25 Pages Posted: 18 May 2006

See all articles by Wolfgang Jank

Wolfgang Jank

University of Maryland - Decision and Information Technologies Department

Date Written: November 30, 2004

Abstract

In this paper we propose a sampling-based implementation of the EM algorithm for modelbased clustering. By sampling-based we mean that the algorithm uses only a small sample from the entire database in every iteration. Using only a small sample allows for significant computational improvements. In contrast to previous sampling-based versions, we suggest to select the sample randomly since a random selection allows for statistical evaluation of the algorithm's progress.
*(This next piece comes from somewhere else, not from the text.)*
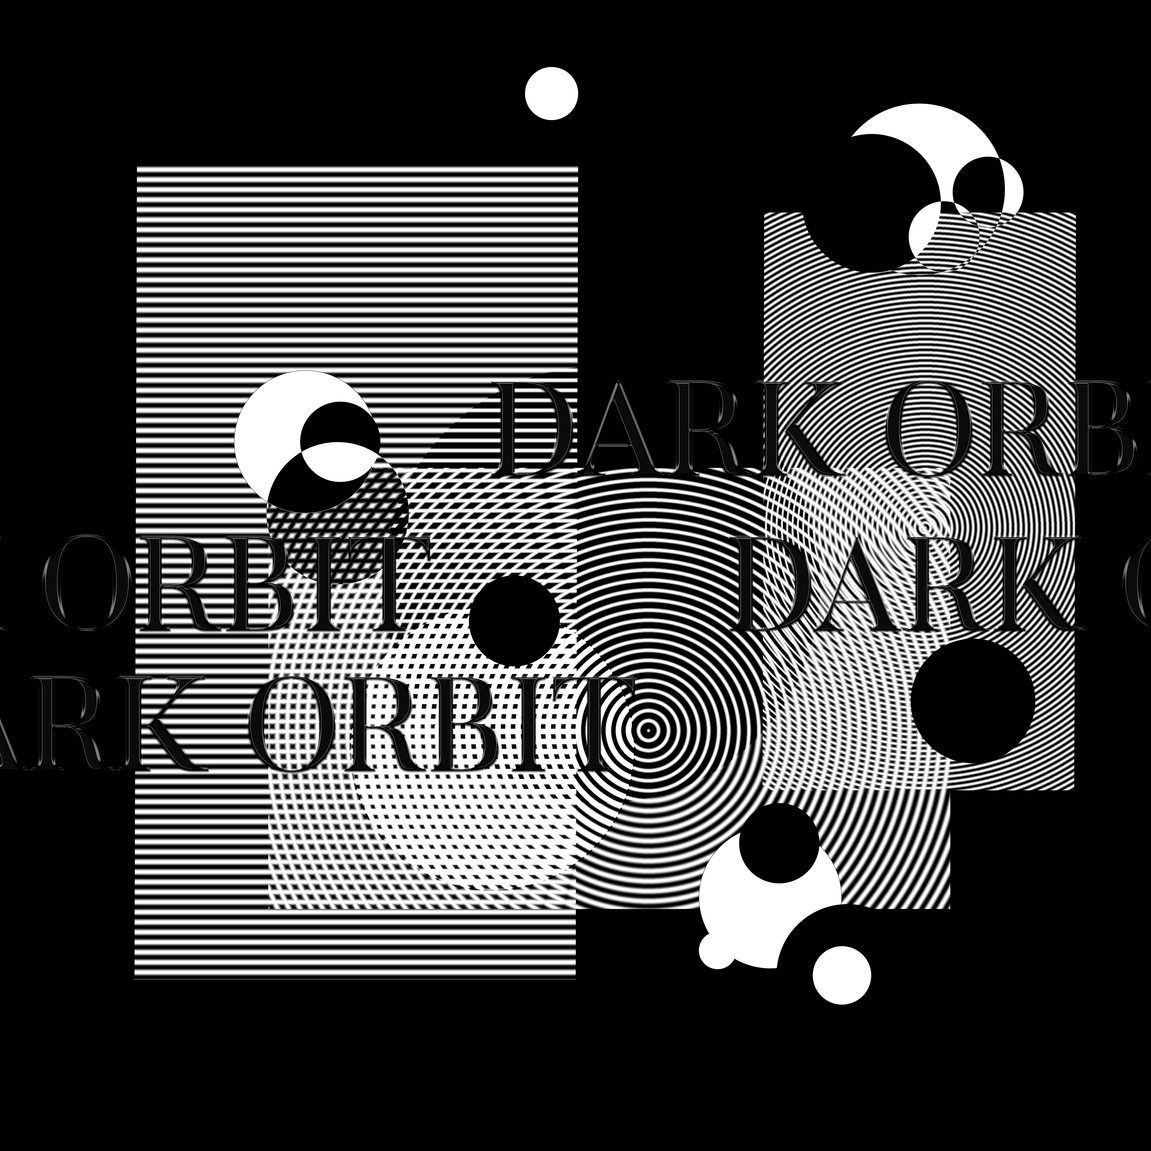 darkorbit2.jpg

By appealing to EM's famous likelihood ascent property, the algorithm chooses samples as small as possible, thus ensuring computational efficiency, at the same time the samples are large enough to advance the progress of the method. The algorithm is stochastic in nature and has the potential of overcoming local traps and suboptimal solutions. We apply the algorithm to the problem of clustering infinite-dimensional curves and illustrate it on a large database of online auctions.

Keywords: stochastic optimization, monte carlo, em algorithm, clustering, functional data, electronic commerce, online auction, eBay

Suggested Citation

Jank, Wolfgang, Ascent EM for Efficient Curve-Clustering in Large Online Auction Databases (November 30, 2004). Robert H. Smith School Research Paper No. RHS-06-008. Available at SSRN: https://ssrn.com/abstract=902908 or http://dx.doi.org/10.2139/ssrn.902908

Wolfgang Jank (Contact Author)

University of Maryland - Decision and Information Technologies Department ( email )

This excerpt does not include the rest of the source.